These data were input into our ML framework. For the 161 descriptors remaining after preprocessing, nested recursive feature elimination with Ridge, Random Forest, XGBoost, and CatBoost models (RFE-Ridge, RFE-RF, RFE-XGBoost, and RFE-CatBoost) was used to determine the optimal feature subset. The construction of Model-A adheres to the best model for feature selection, which is CatBoost. Individual descriptors from model-A were transferred and combined with model-C individualized descriptors to construct a predictive model for PI powder T5% (model-D). Model parameters were fine-tuned. One of the critical challenges is opening the black box of ML. The SHAP method is used to nest the above models, providing feedback on descriptor contributions and their positive or negative impacts. The meaning of the filtered descriptors is also discussed. All the above code is executed in Python.
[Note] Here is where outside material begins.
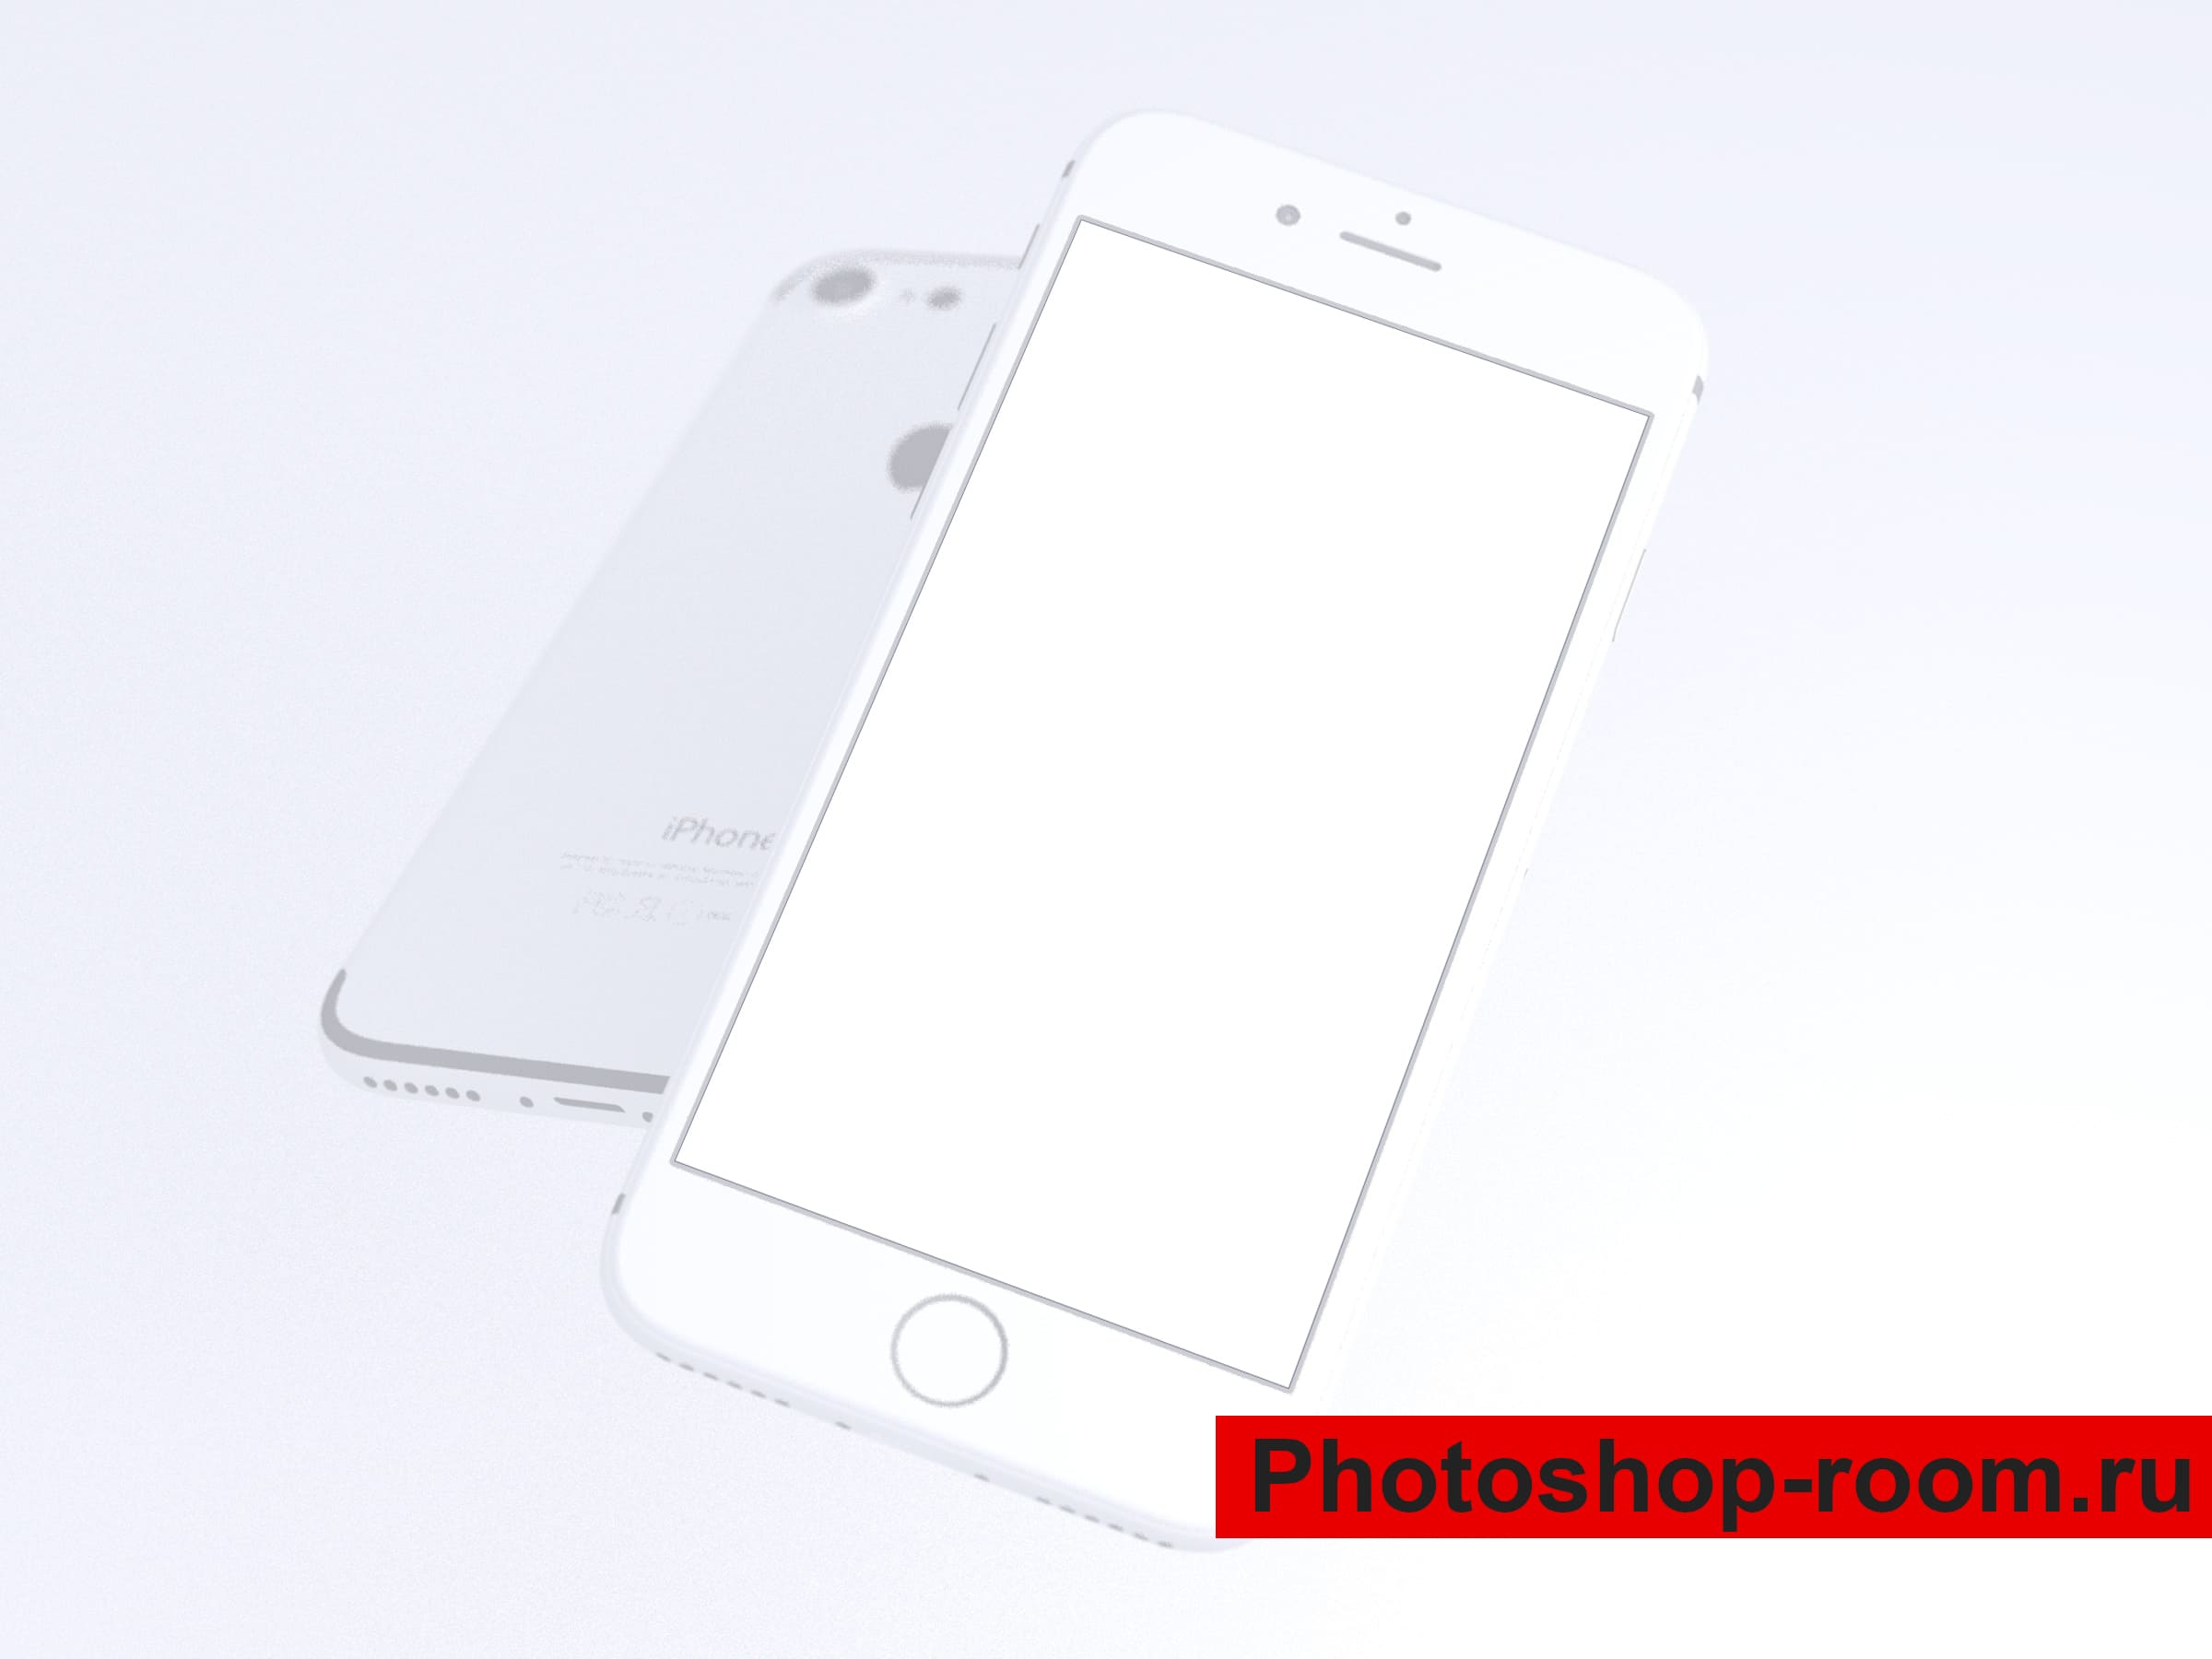 Mockup iphone 7
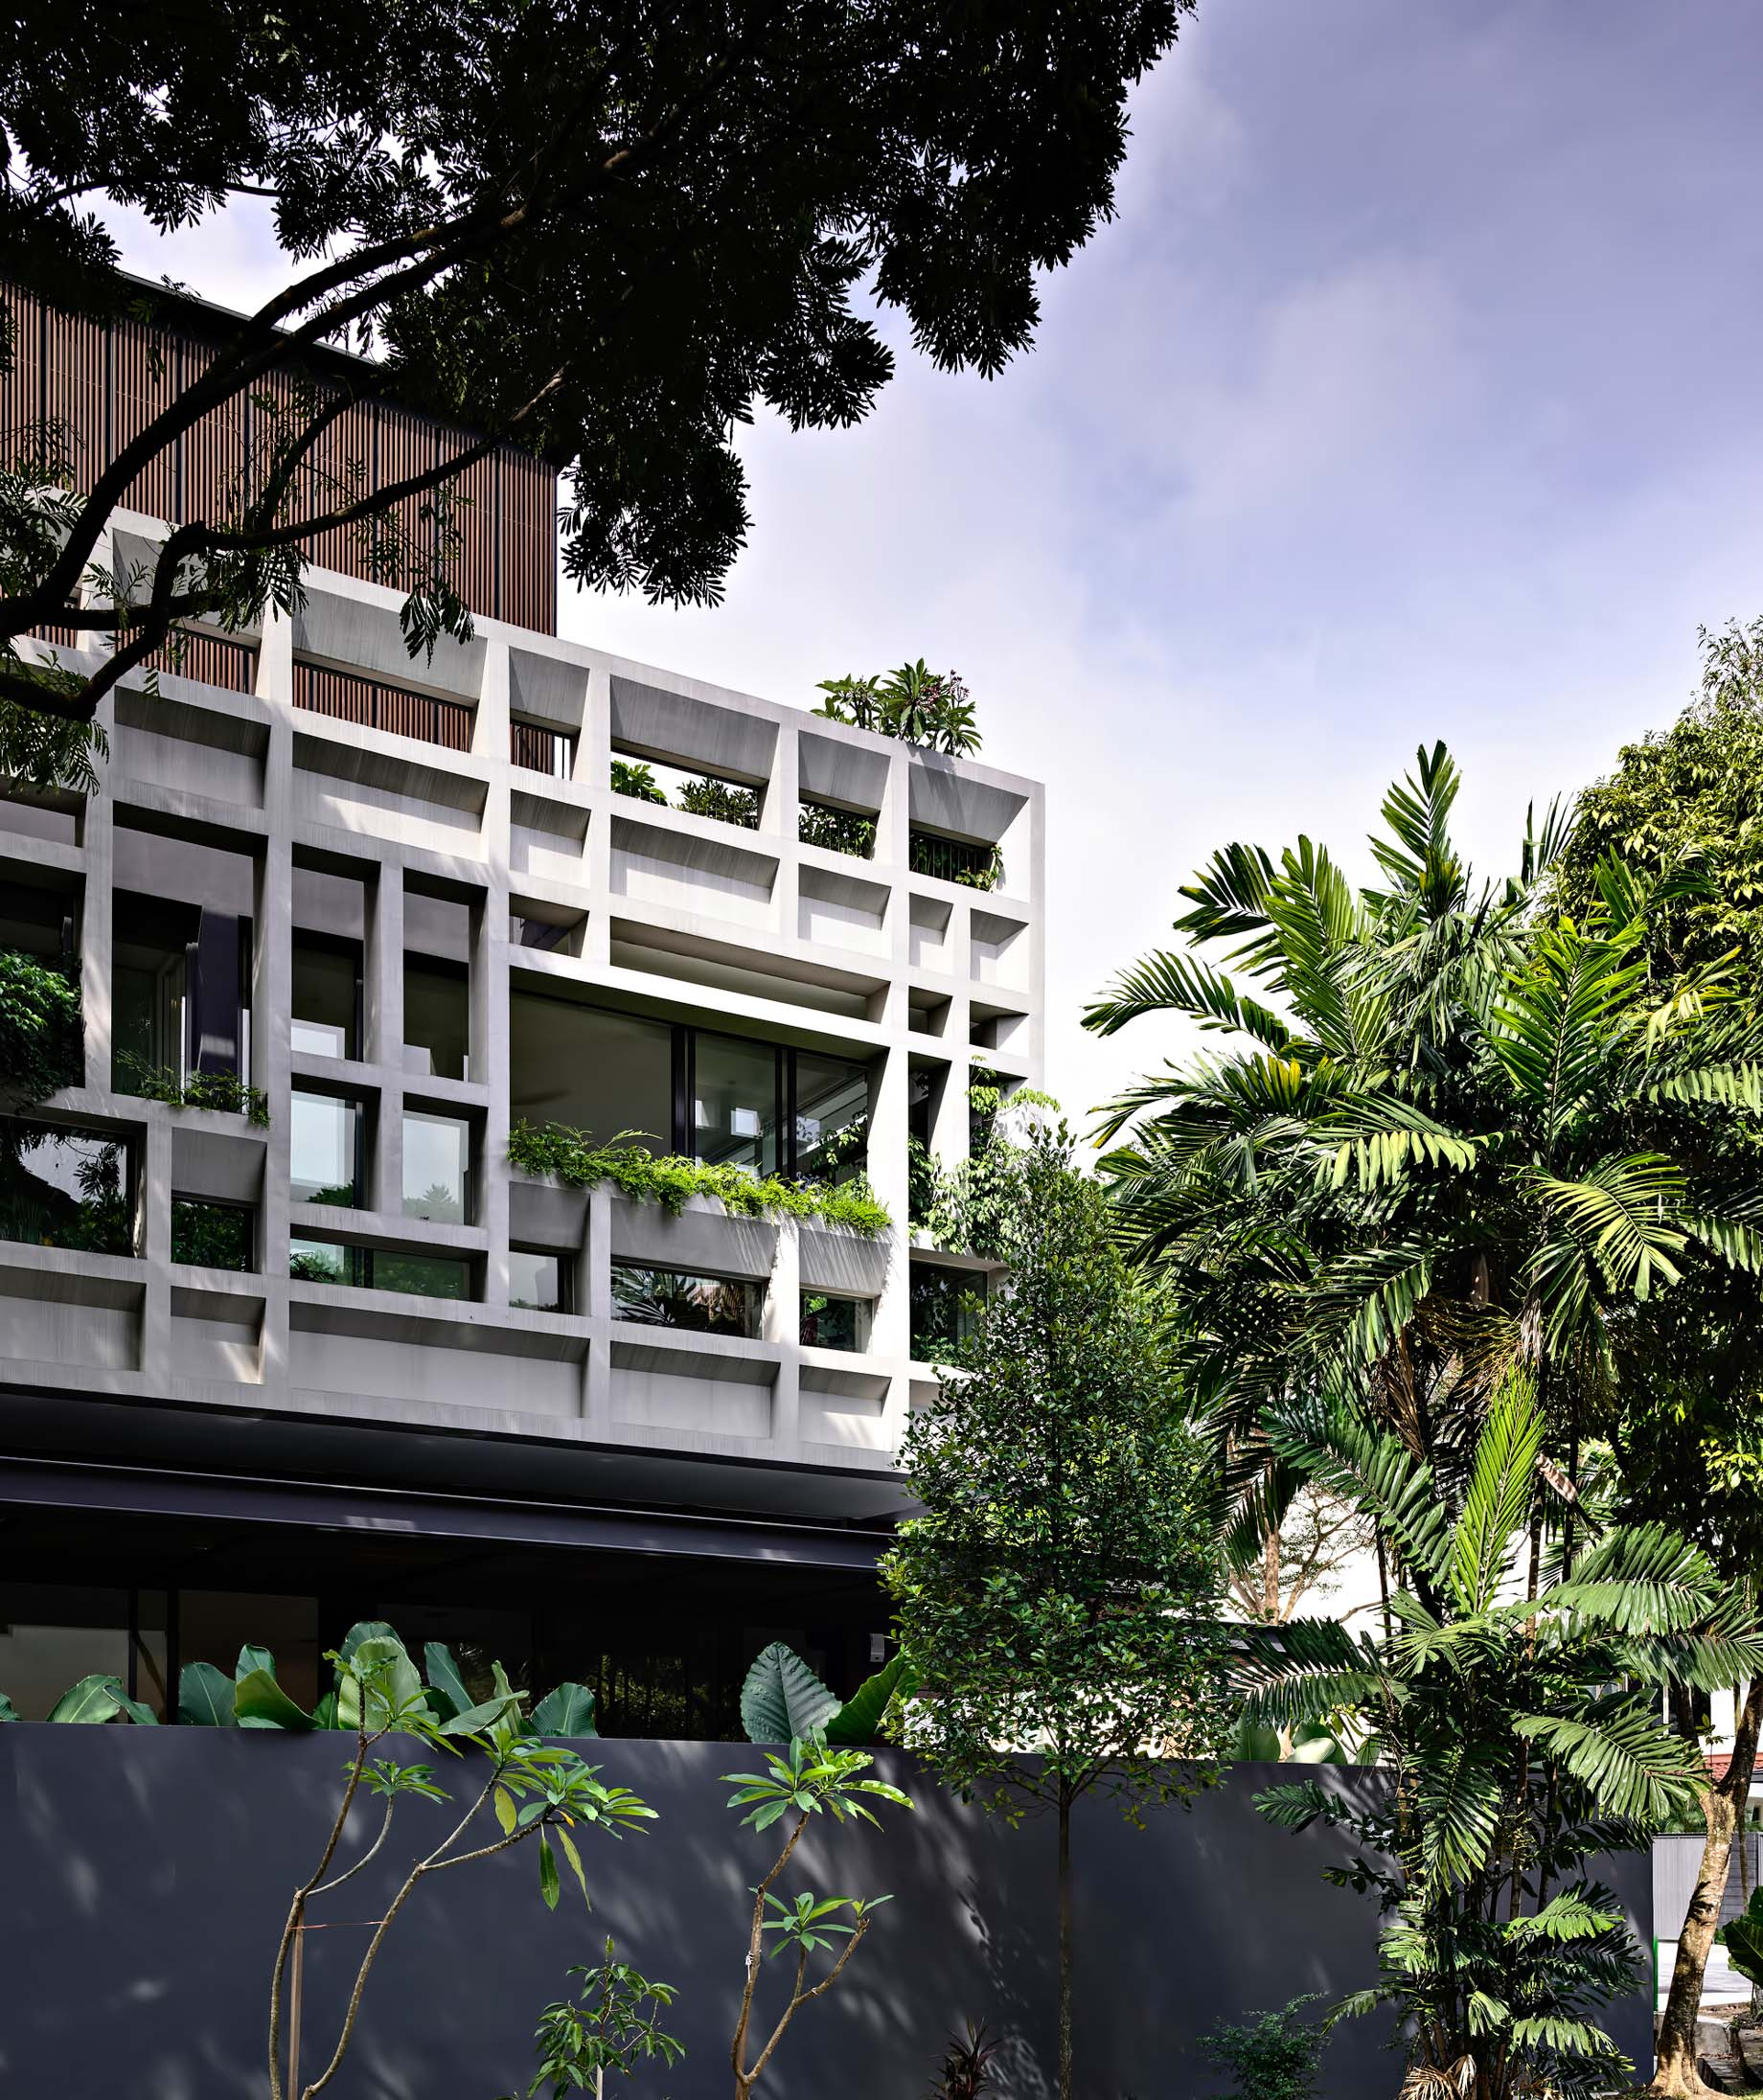 Verdant Verandah Luxury House – Princess of Wales Rd, Singapore

Experimental synthesis and validation

PI powder was prepared using two-step and thermo-imide methods. Some N,N-dimethylacetamide (DMAc) was added to the reactor under N2 protection. Then, dianhydride and diamine in a certain proportion were added and stirred well. The reaction feeding ratio was shown in Supplementary Table 2 and Table 1. The reaction temperature was controlled, and the viscous precursor polyamide-acid (PAA) was obtained by stirring for 3 h at room temperature. A certain amount of xylene was continued to be added to the reaction system, and the temperature was raised to the reflux temperature and kept for 3 h, and PI powders were obtained using a thermo-imide approach. Materials and test methods are found in the Experimental section of the supporting information. The histogram in Figure 2C shows that T5% ranges from 580 to 615 °C. Supplementary Figures 5 and 6 are the synthetic routes of PI-a and PI-b, respectively. Experimental section in support information can be viewed.

Table 1

Structures of co-PI powders at different molar ratios, along with the T5% values predicted by model-B and validated experimentally



Feature engineering

The optimal subset is carefully selected to reduce the dimensionality of the data. This subset contains a minimal number of descriptors while maintaining a close relationship to the required material properties[100,101]. The 1,225 descriptors declined to 161 after removing the redundancy with the Pearson correlation coefficient of less than 0.90. Four nesting methods, RFE-Ridge, RFE-RF, RFE-XGBoost, and RFE-CatBoost were used to compare and determine the optimal descriptor sets. The average R2 and root mean square error (RMSE) of five-fold cross-validation (5-fold-CV) were determined as the metrics to evaluate the model performance. For the RFE-Ridge method, Supplementary Figure 7A indicates no inflection points. This observation suggests that nonlinear algorithms might not be ideal for handling high-dimensional datasets. Considering the selections from the four models, further increasing the number of descriptors to achieve better model results will not be pursued. An effective descriptor must be simpler to obtain than the target property and be as low-dimensional as possible[102]. A subset of 18 selected descriptors was identified as the optimal solution. The other three methods selected optimal feature subsets of 18, 12, and nine descriptors, respectively [Supplementary Table 3, Supplementary Figure 7B and C, Figure 3A]. Guided by the “Occam Shaver” principle[47], the smallest number of descriptors necessary for sufficient accuracy is selected. The RFE-CatBoost model, which offers the best performance with the fewest descriptors, achieves optimal values of 28.84 for RMSE and 0.75 for R2. Among the subsets selected by RFE-CatBoost [Supplementary Table 3], the descriptors selected twice by the other three were the most. The same preprocessing and feature engineering were applied to the PI powder dataset, reducing 643 descriptors to 11, and ultimately determining an optimal subset of six descriptors based on Supplementary Figure 8A[Supplementary Table 4]. The heat map in Supplementary Figure 9 indicates that the correlation coefficients between descriptors are generally low across both datasets, suggesting a “global” representation.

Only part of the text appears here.